◆ **YOUR TASK**
Exactly and only the lines below from the one containing "Krishna Milking a" down to the one containing "Targus Executive Laptop Roller Bag Black" are wanted, both included; please exclude every picture.

◆ **DATA SHOWN**
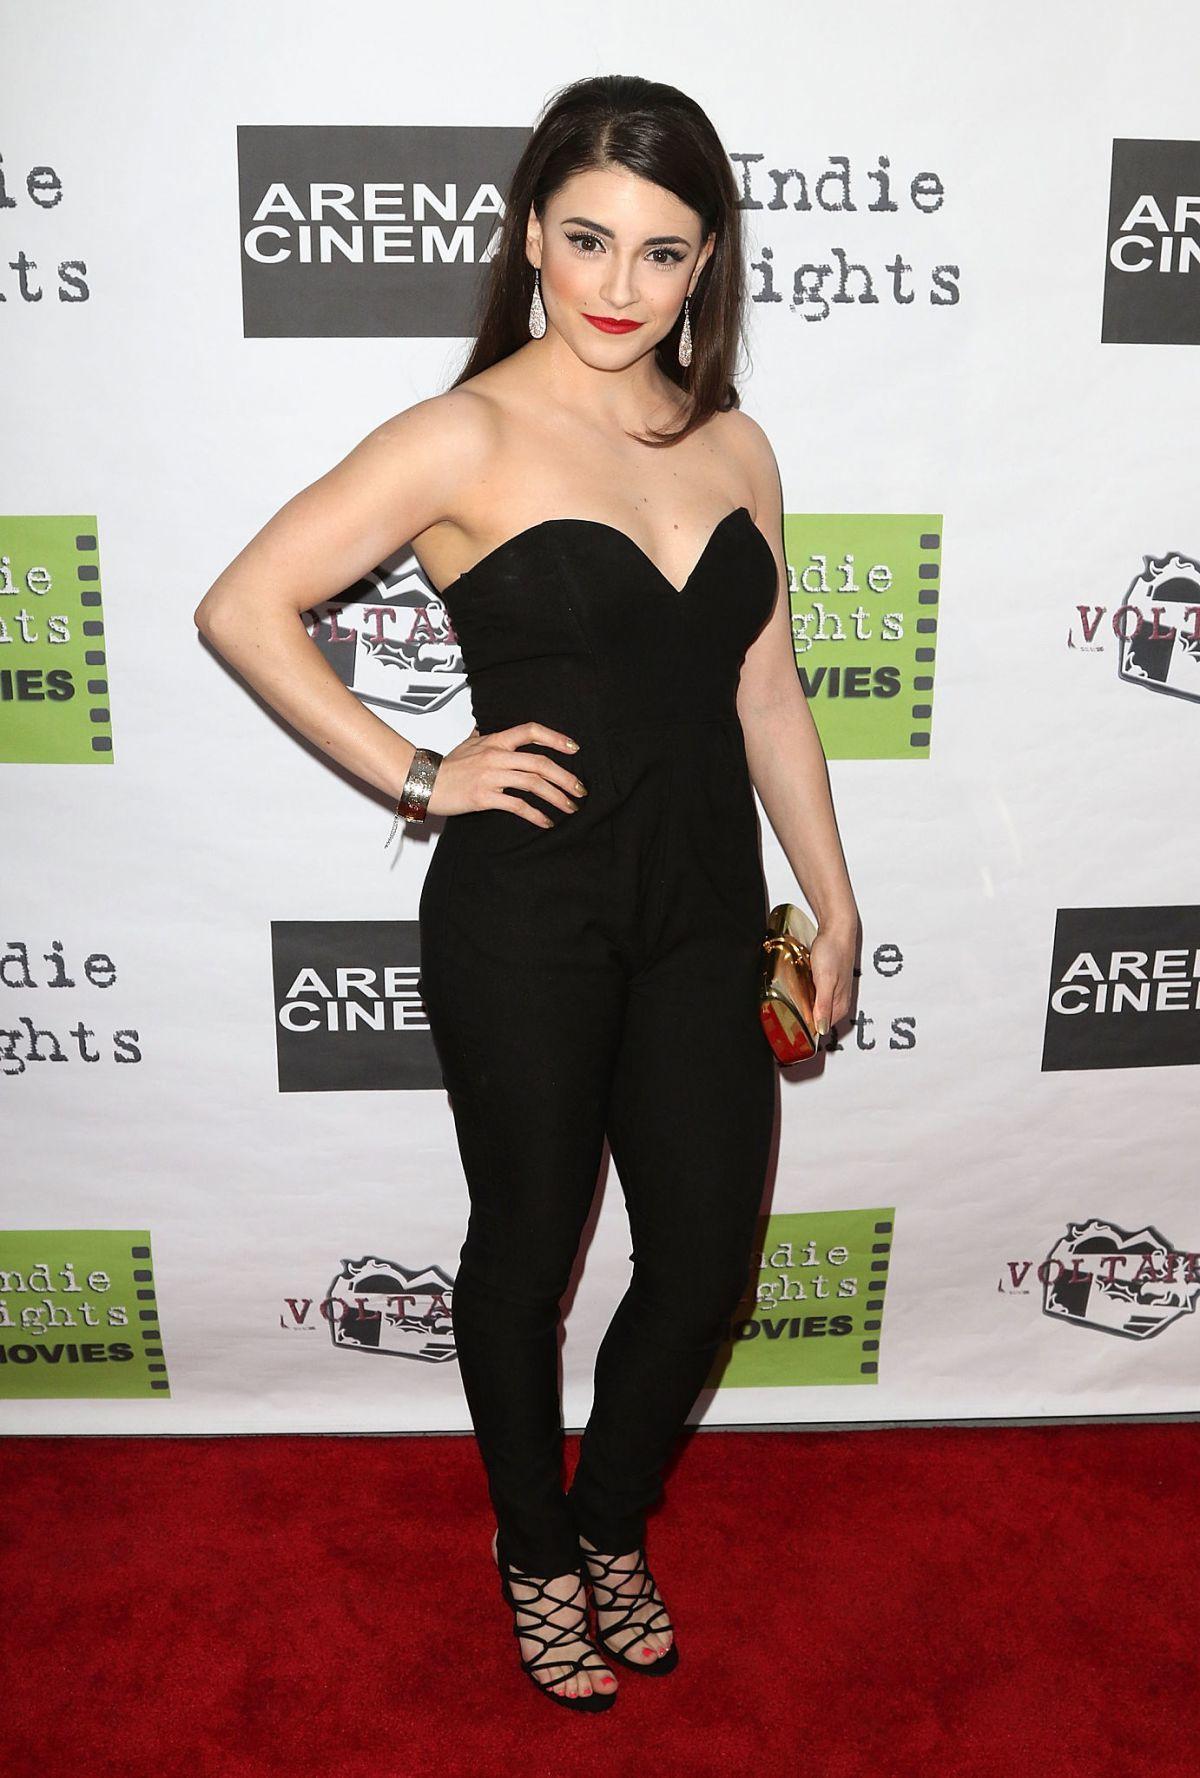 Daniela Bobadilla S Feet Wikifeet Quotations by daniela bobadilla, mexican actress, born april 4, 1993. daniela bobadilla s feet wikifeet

==

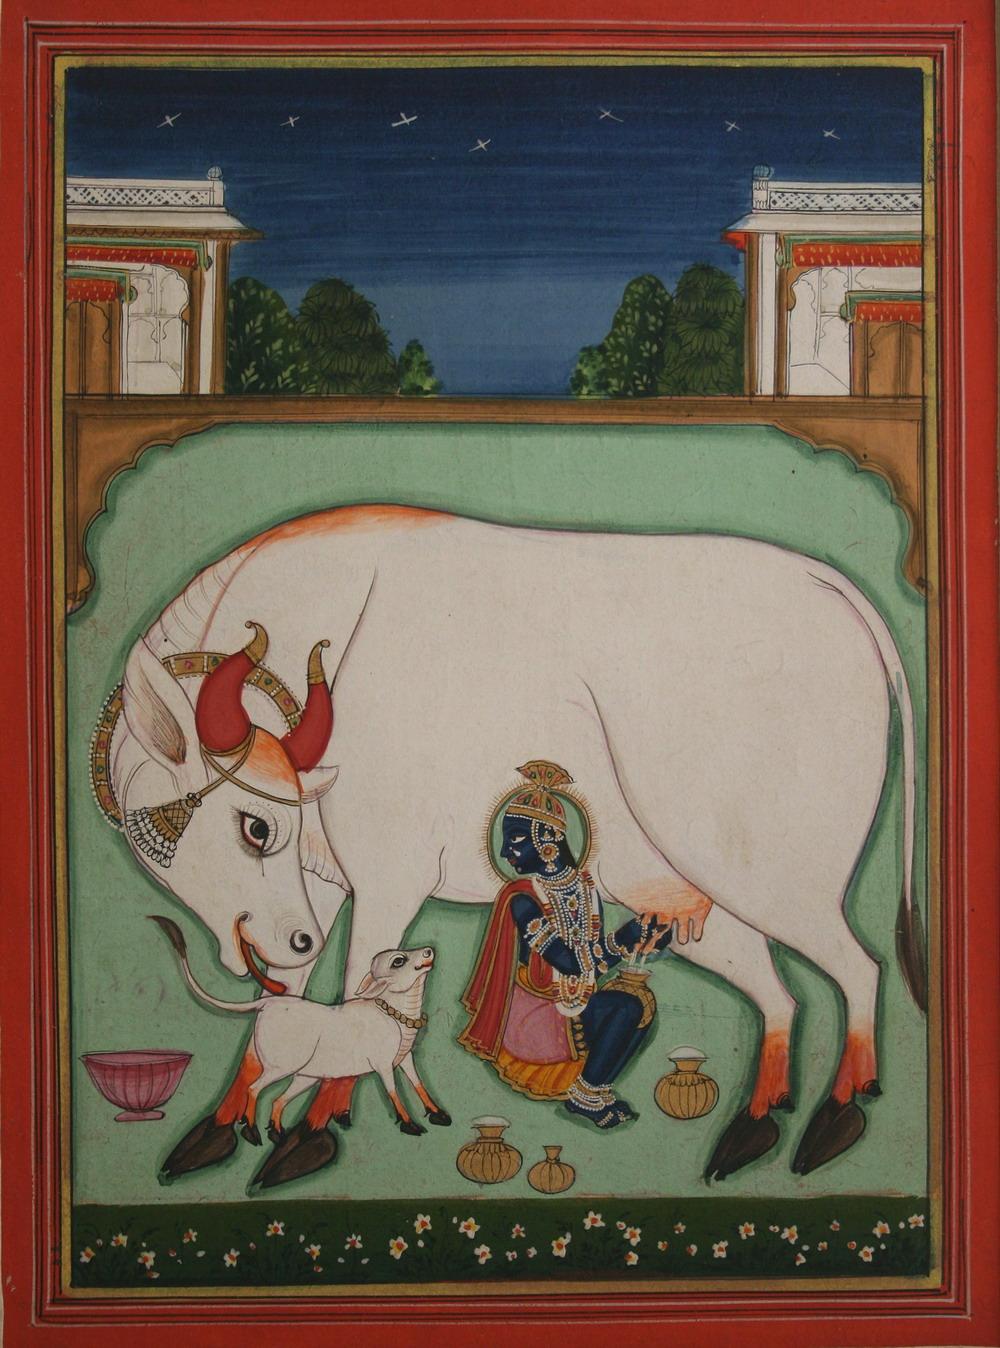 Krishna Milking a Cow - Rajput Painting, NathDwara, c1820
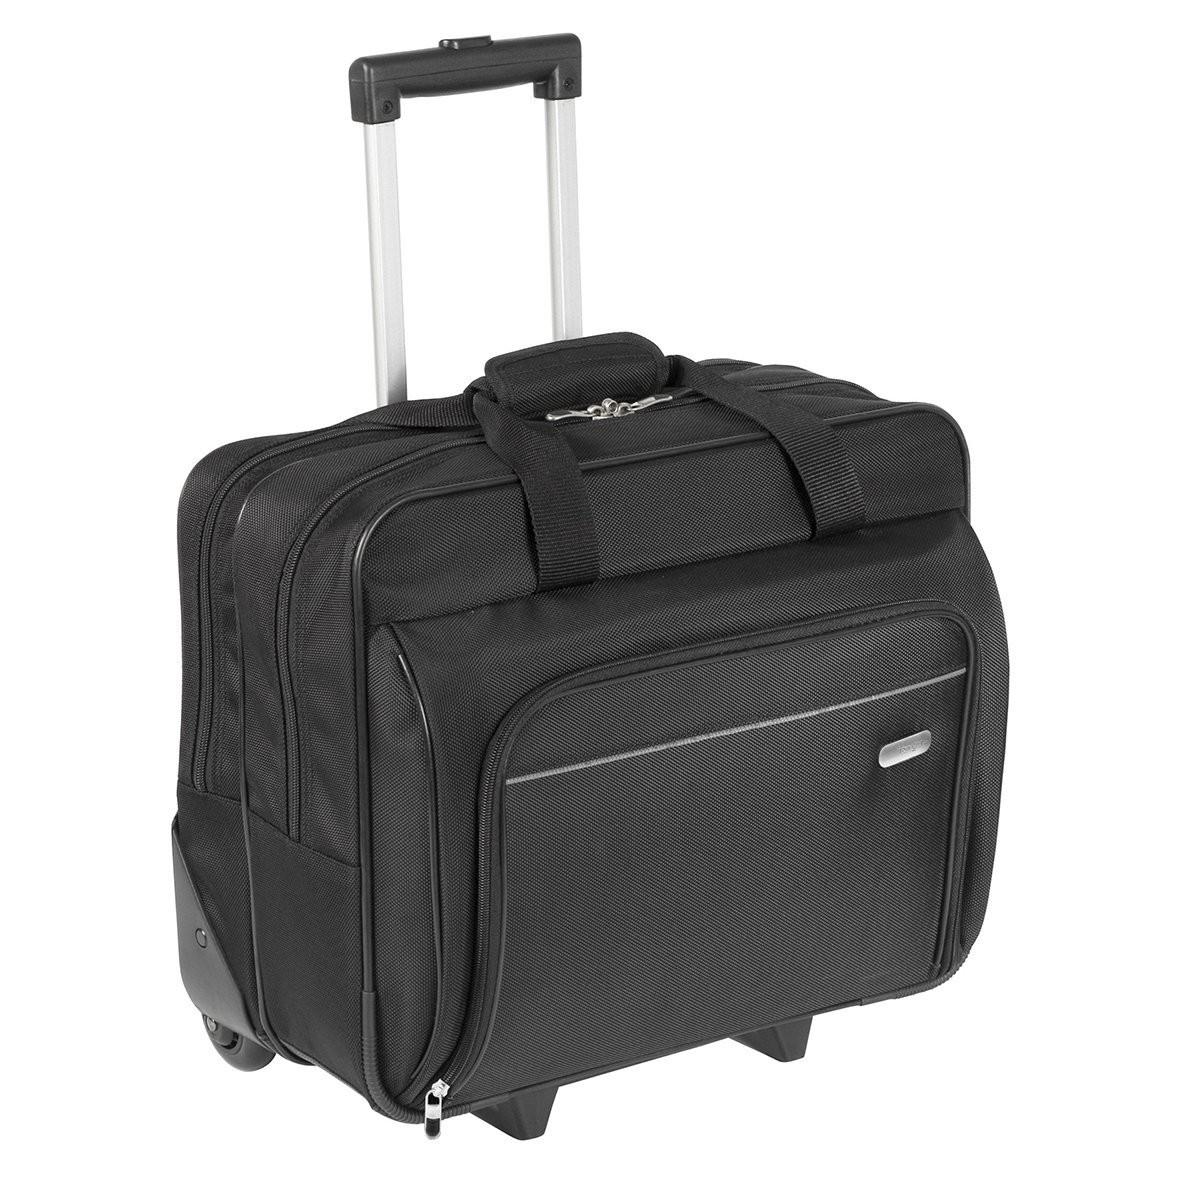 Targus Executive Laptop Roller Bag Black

==

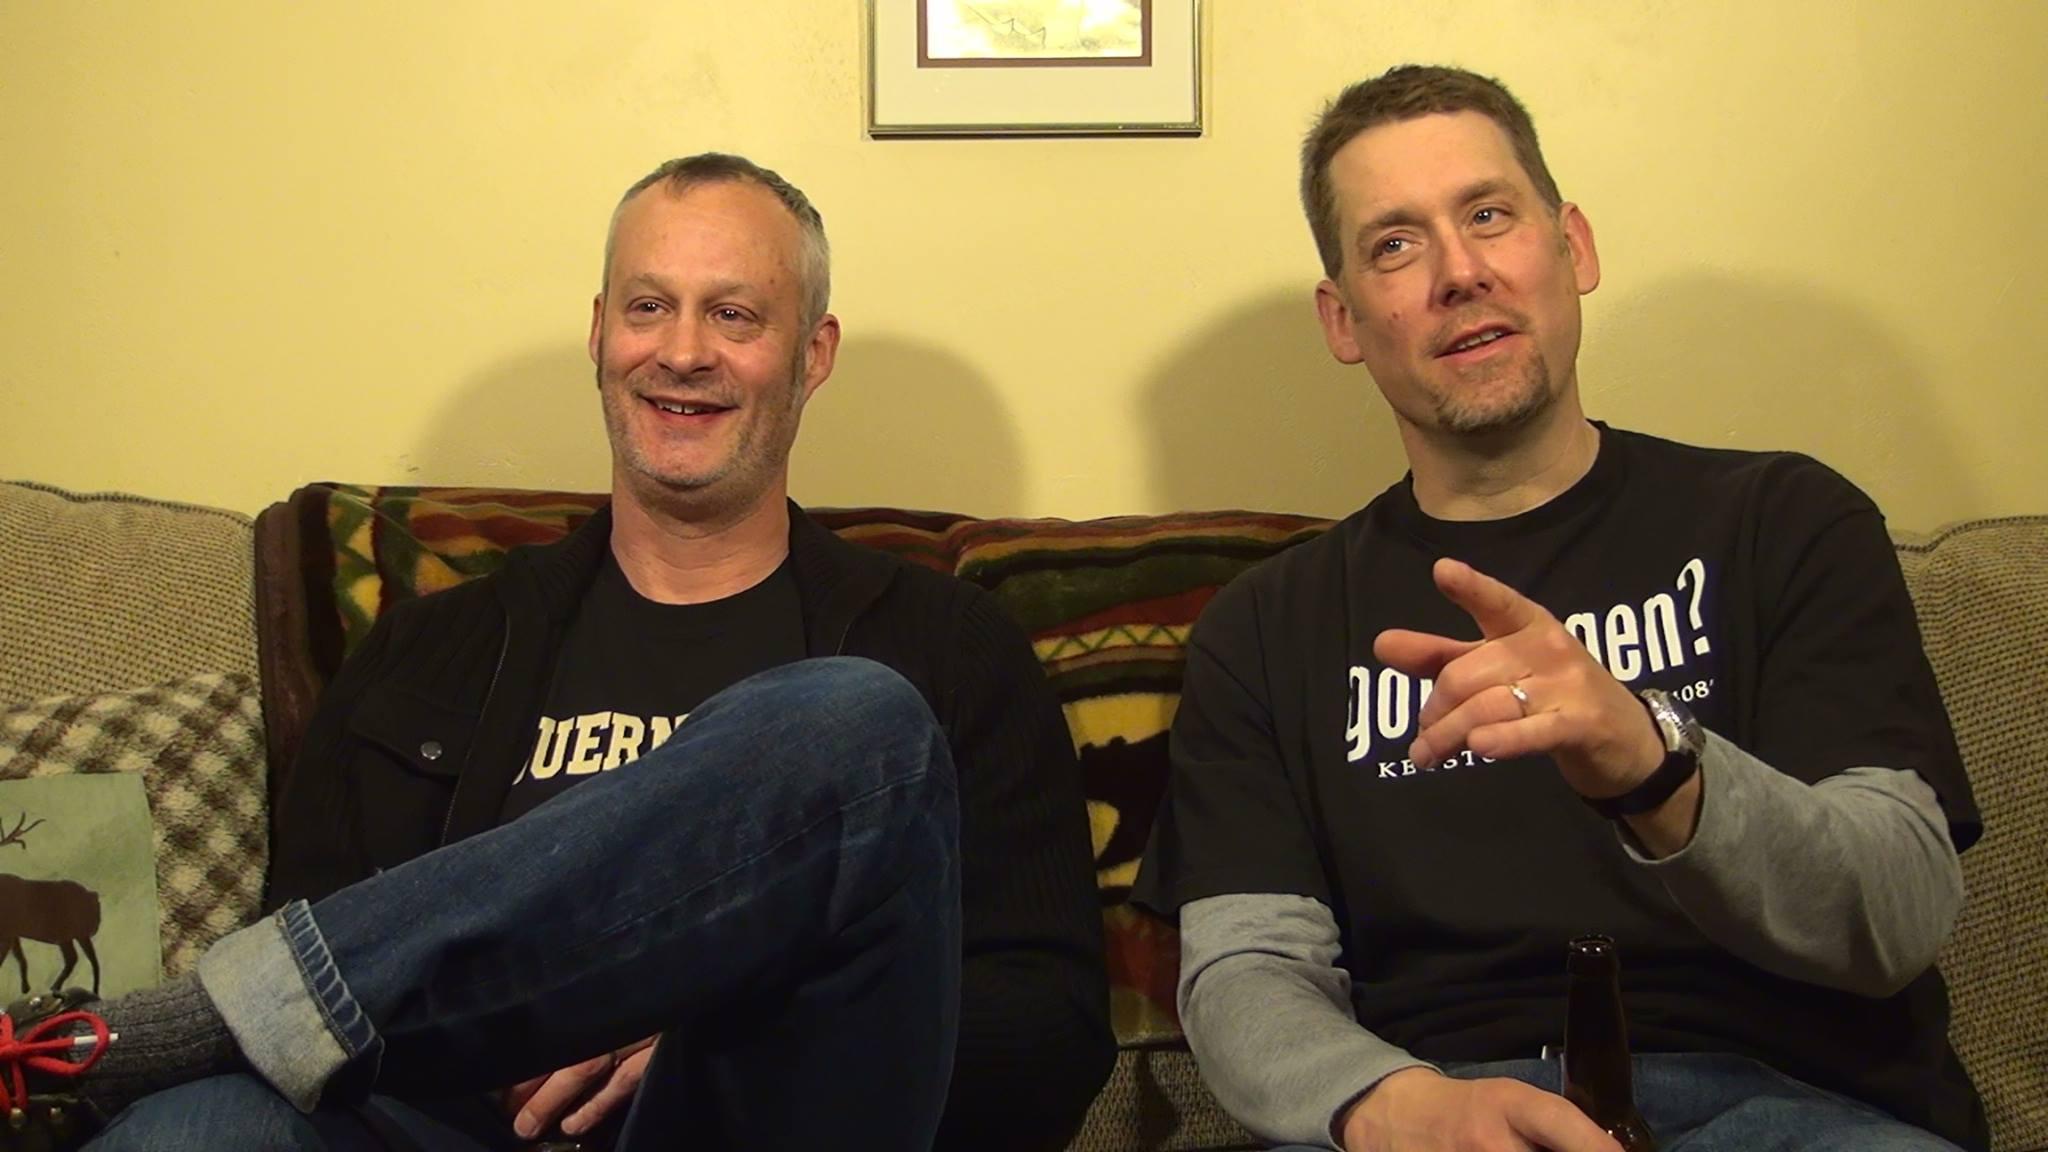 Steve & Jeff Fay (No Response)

◆ **OUTPUT FOR THIS TASK**
 Krishna Milking a Cow - Rajput Painting, NathDwara, c1820
 Targus Executive Laptop Roller Bag Black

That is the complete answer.